Ob die Bedeutung der Vernehmung die Mitwirkung eines Verteidigers zur Wahrung der Rechte des Beschuldigten gebietet, ist eine Frage des Einzelfalls, bei der alle Umstände zu würdigen sind. Entscheidend bei der Abwägung ist der Stellenwert der Aussage für die Ermittlungen bzw. für das weitere Verfahren (BT-Drucks 18/11277, S. 29).
Hinweis:
Für die haftrichterliche Beschuldigtenvernehmung nach §§ 115 Abs. 2, 115a Abs. 2 und 128 Abs. 1 S. 2 StPO ist davon auszugehen, dass in diesen Fällen immer die Mitwirkung eines Pflichtverteidigers zur Wahrung der Rechte des Beschuldigten geboten ist. Denn es ist immer unmittelbar das Freiheitsrecht des Beschuldigten (Art. 2 Abs. 2 S. 2 GG) tangiert, da es bei diesen Vernehmungen immer um die Frage geht, ob gegen den Beschuldigten ein Haftbefehl ergeht bzw. die Haft aufrechterhalten oder der Haftbefehl aufgehoben wird, also um die Freiheit der Person (Art. 2 Abs. 2 S. 2 GG).

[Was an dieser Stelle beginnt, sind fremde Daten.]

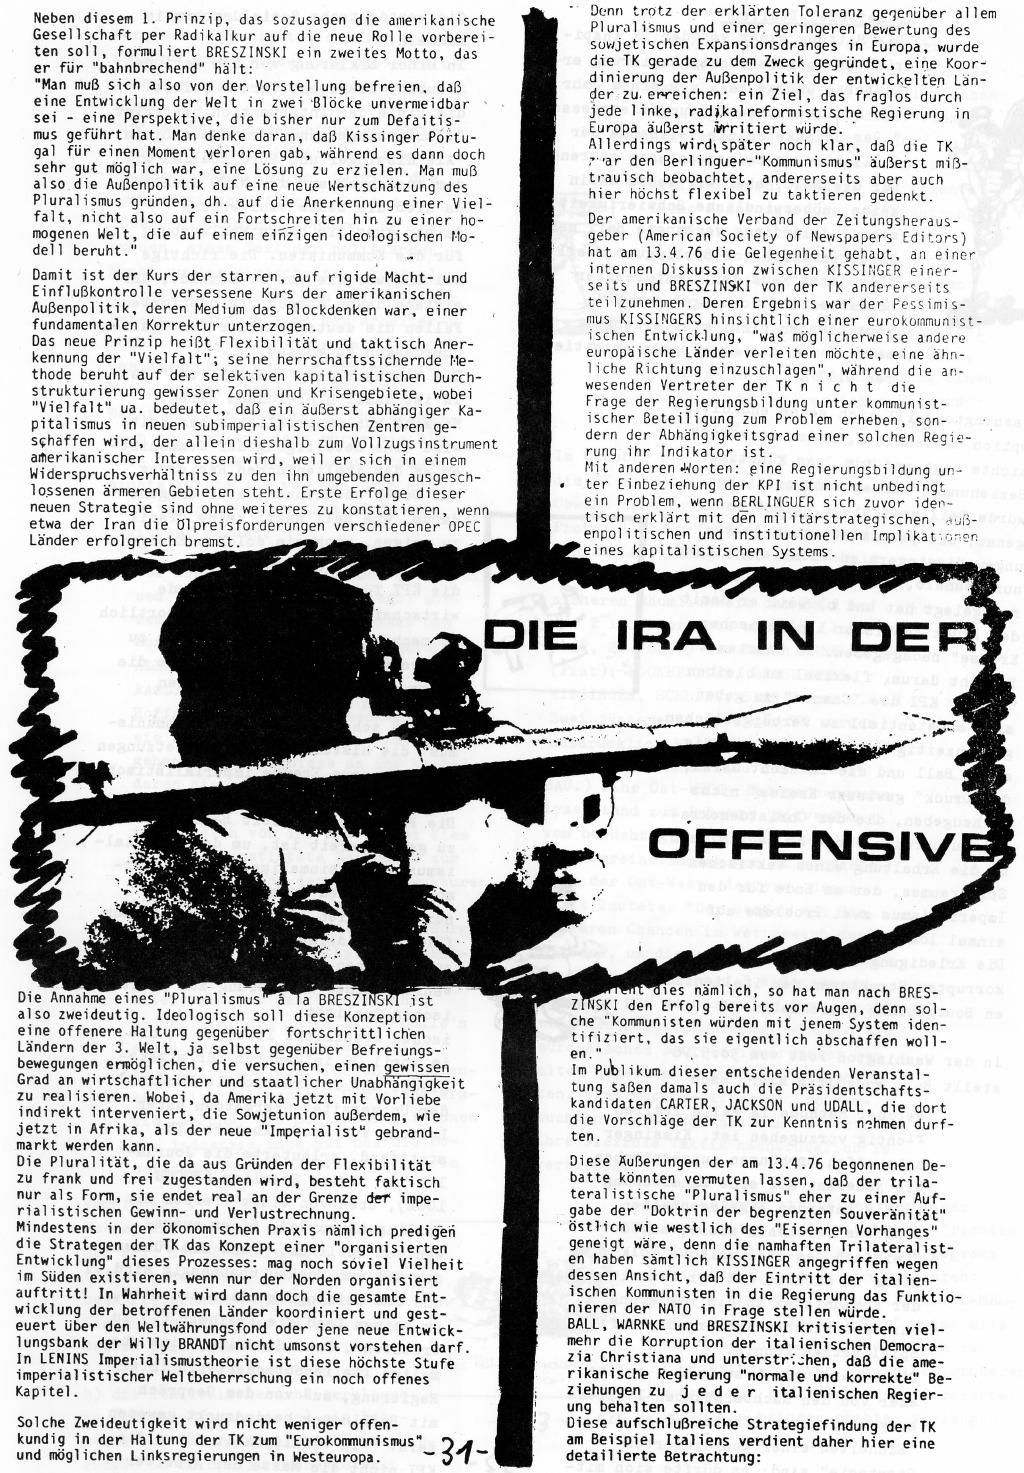 Bremen_1980_NATO_Broschuere_31

Der (Ermittlungs-)Richter ist nicht an die Einschätzung der Staatsanwaltschaft gebunden (BT-Drucks 18/11277, a.a.O.). Wäre das der Fall, würde die Regelung ins Leere laufen. Sie ist vielmehr ein Korrektiv für die Fälle, in denen die Staatsanwaltschaft keinen Antrag nach § 141 Abs. 3 S. 4 Fall 1 StPO stellt, der Richter/das Gericht jedoch der Auffassung ist, dass die Mitwirkung eines Verteidigers bei der richterlichen Vernehmung geboten ist, z.B. dann, wenn der Richter einer Aussage eine andere/größere Bedeutung für das Verfahren beimisst als die Staatsanwaltschaft. Dann soll der Richter nicht an die Einschätzung der Staatsanwaltschaft gebunden und ggf. gehalten sein, die Vernehmung ohne den nach seiner Meinung erforderlichen Pflichtverteidiger durchzuführen, sondern kann – aus eigenem Recht – einen Pflichtverteidiger bestellen.